The Cost of Colby Education
The comprehensive fee for the 2009-10 school year is $50,320.
$50,320.
The Colby tuition, I've been told, doesn't even cover the full cost of a Colby education. Where does our money go?
If $50,320 doesn't cover my education, something must be off. And the costs keep going up. It is taken for granted that the cost of higher education rises dramatically with each passing year.
Campus Grotto--a national college news website--annually ranks the most expensive tuitions at American colleges and universities in two categories. The first is the highest total cost. In 2008-09, Colby ranked twentieth at a price-tag of $48,520. For this year we've moved down five rungs to hold the title of the twenty-fifth most expensive school. There's been $1,800 increase, at 3.7 percent.
Not to mention, with the economic downturn, things like 24-hour health center service have been cut. Foss isn't open on the weekends any more. Let me preface this by saying that I fully appreciate the fact that both people and institutions have to make sacrifices to cut costs, especially in light of the serious hit that Colby's endowment took in the fall of 2008. While it's not the greatest situation, I actually do support many of the decisions the school has made to reduce spending.
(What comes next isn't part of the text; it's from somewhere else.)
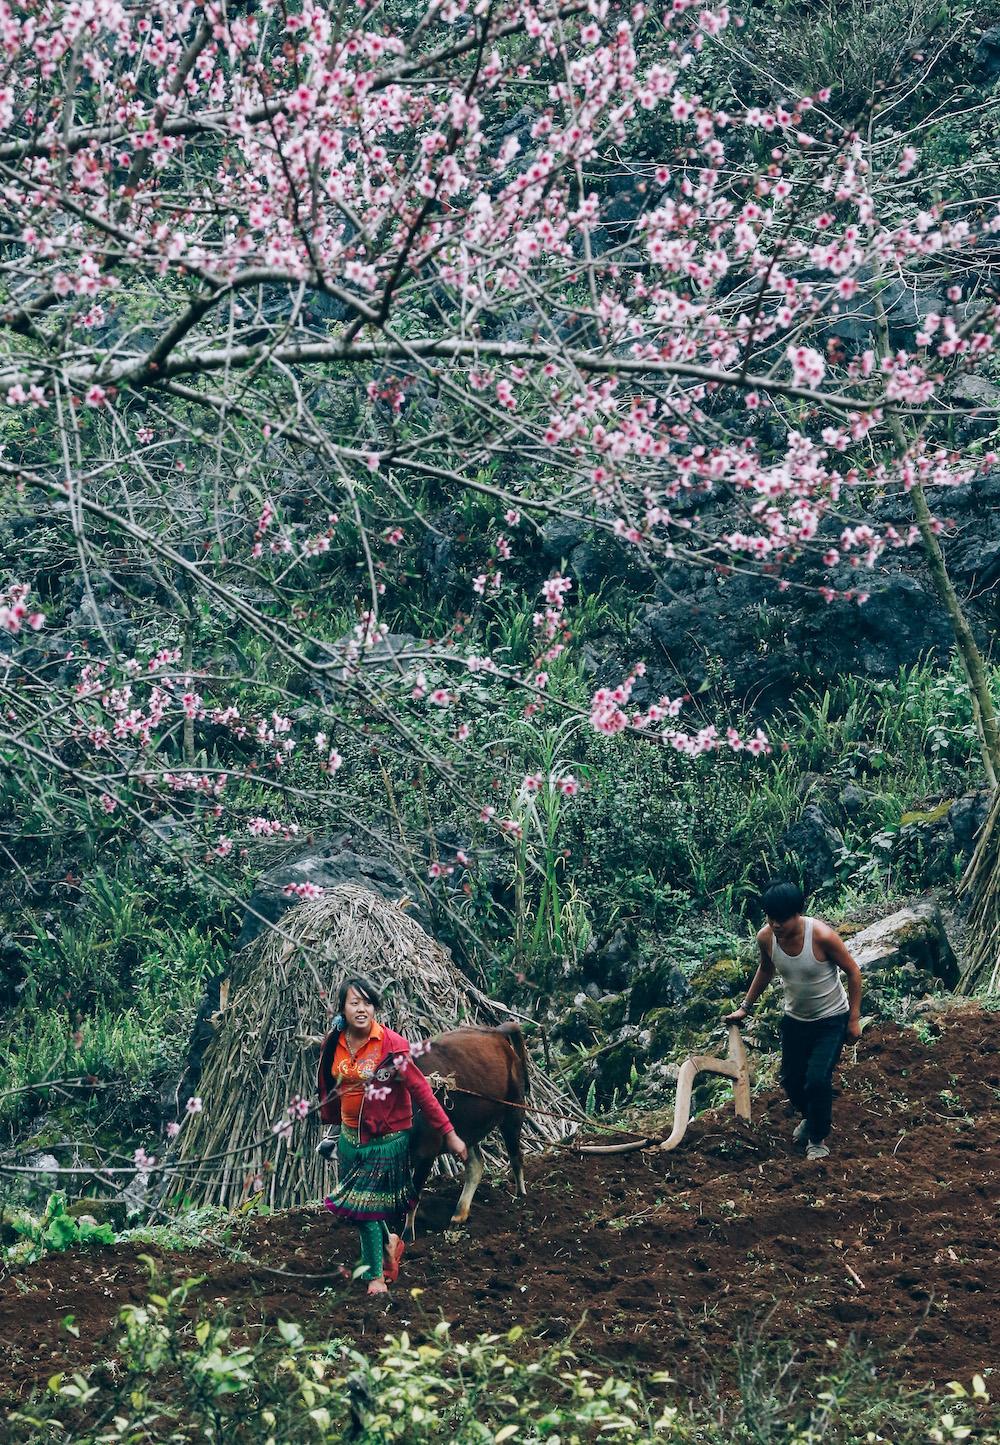 Thời điểm hoa đào nở cùng vào thời điểm đồng bào các dân tộc vào vụ lúa xuân.

Even so, we keep paying more and more, but I wonder, are we getting less?
Students have to pay $1000 to the College for each semester of study abroad. Does it cost $1000 for a file to sit in an office, or more likely, occupy electronic space on the Colby server? Are we paying for the email correspondences we might make with professors, or the advice we might seek from study abroad advisors while we are away? $1000 might be nominal in comparison to the whopping $50,320 of full tuition, but $1000 is still a lot of money.
The problem, as evidenced by the Campus Grotto list of the most expensive schools, is not unique to Colby; there is something wrong with higher education in America. President Barack Obama touched on the issue in his State of the Union address last month when he was talking about the difficulties of today's economy. "The price of college tuition is just one of the burdens facing the middle class," he said.
"By the way," he continued, "it's time for colleges and universities to get serious about cutting their own costs because they, too, have a responsibility to help solve this problem."
Yes, sir, they do. But I believe the problem was there even before the economy collapsed the fall of my freshman year. In no way should an education--the very thing that should serve to uplift and enlighten--cost as much as it does.